Перевод Г.Г. Шпета, Б.Г. Столпнера
Предисловие и комментарии профессора РГГУ и ВлГУ А.В. Маркова
Опыты сознания / Георг Вильгельм Фридрих Гегель; пер. с немецкого Г.Г. Шпета, Б.Г. Столпнера; предисл. и коммент. Александра Маркова. – Москва: Издательство АСТ, 2020
© А.В. Марков, предисловие, комментарии, 2020
© ООО «Издательство АСТ», 2020
Знакомый незнакомец русской мысли
Гегеля в России прочли очень рано, более того, Россия была второй страной после родной ему Германии, где философа не просто знали, а читали с карандашом, конспектировали, спорили о нем днями и ночами. Гегелем восхищались Белинский и Грановский, на его трудах строили свои рассуждения и западники, и славянофилы XIX века; можно сказать, его формулы принимали как само собой разумеющиеся для понимания того, что такое «государство», «нация», социальная жизнь. Гегель занял то место среди мыслителей России, которое прежде занимали Цицерон или Вольтер, – он был ученым, сформулировавшим исходные понятия для гражданской жизни, понятия, воспитывающие гражданина. Его мысль помогала мирить чувство и долг, частные и общественные интересы – правда, Гегеля, в отличие от Цицерона и Вольтера, читали не только государственные мужи и отдельные эрудиты, но и критически настроенная интеллигенция, предприниматели, духовенство – и они могли находить общий язык друг с другом. Само понятие «интеллигенции» обязано во многом гегелевскому пониманию автономии сферы духа, сферы мысли, не обязательно требующей практического применения. Мы сами не замечаем, сколь многими нашими привычными словоупотреблениями обязаны Гегелю – например, во времена Пушкина слово «бытие» означало обычное существование, быт, образ жизни, тогда как благодаря Гегелю уже в середине XIX века стали говорить о бытии как принципе, норме, абсолюте, и рутина «быта» стала противопоставляться подлинному осмысленному «бытию». А через век студенты из ГДР, учившиеся в Советском Союзе, признавались, что читают Гегеля не на родном немецком языке, а в русском переводе, который и яснее, и ближе к привычкам речи – это означает, что немецкий язык усвоил только отдельные обороты Гегеля, тогда как русский научный язык впитал в себя невероятно много гегелевских интуиций.

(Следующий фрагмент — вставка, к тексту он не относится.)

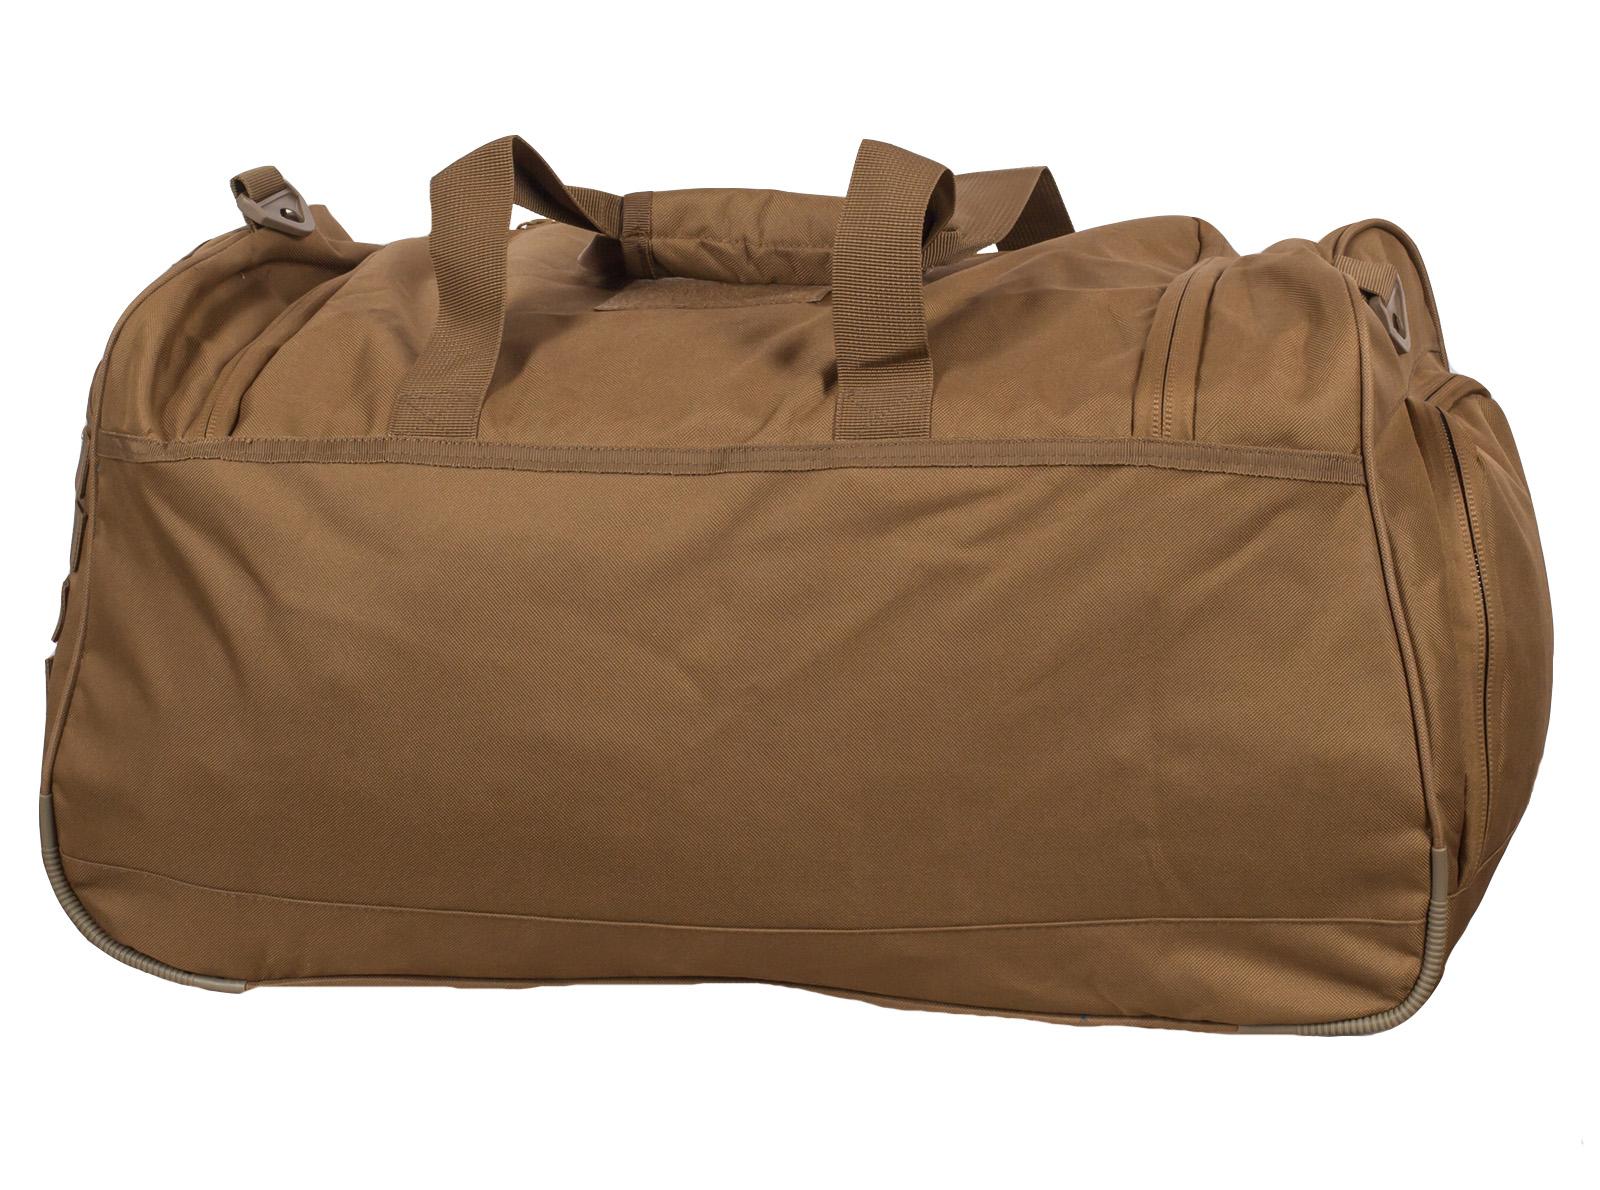 Вместительная дорожная сумка 08032B Coyote Русская Охота - заказать с доставкой

Но философскую программу Гегеля пересказать труднее. Даже образованный человек у нас не сразу сформулирует, что сделал Гегель в философии нового в сравнении с Кантом или чем его диалектика бытия и небытия отличается от диалектики тех же категорий его современника и соперника Шеллинга. Достоевский и Толстой относились к Гегелю скорее скептически, как к мыслителю, работающему с готовыми категориями, не проникая в тайну человеческого существования, а общая мода на «философию жизни» в начале ХХ века, которая противопоставлялась «философии духа», выдвинула на первый план совсем других мыслителей, таких как Шопенгауэр, Кьеркегор, Ницше, Бергсон, Ибсен. Философия жизни утверждала, что рациональная систематизация понятий, в которой Гегель находил истоки настоящего философского понимания происходящего, есть лишь искусственная конструкция в сравнении с тем чувством жизни, которое направляет человеческое познание и волю. Так, Василий Розанов сначала написал книгу «О понимании» в духе Гегеля, но потом перешел к афоризмам и парадоксам в духе Ницше. Невозможно представить Блока или Горького, читающими Гегеля, при этом афоризмы Ницше были ими усвоены почти как собственная речь.
Интерес к Гегелю в обществе, а не только среди профессионалов, которые должны уметь разбирать историко-философские вопросы, возродила только Октябрьская революция: для Ленина, как ранее для Герцена, Гегель был наиболее революционным из всех мыслителей до Маркса, потому что умел выводить политические и правовые реальности из рациональных понятий. Значит, с Гегелем в руках можно было требовать пересмотра всего прошлого с рациональных позиций, суда над прошлым. Другое дело, что логика событий опережала логику Гегеля, прочитанного не всегда внимательно, без комментариев, и Маяковский заявлял в предсмертной поэме: «Мы диалектику учили не по Гегелю. Бряцанием боев она врывалась в стих». Когда требовалось принимать срочные решения, было не до книг.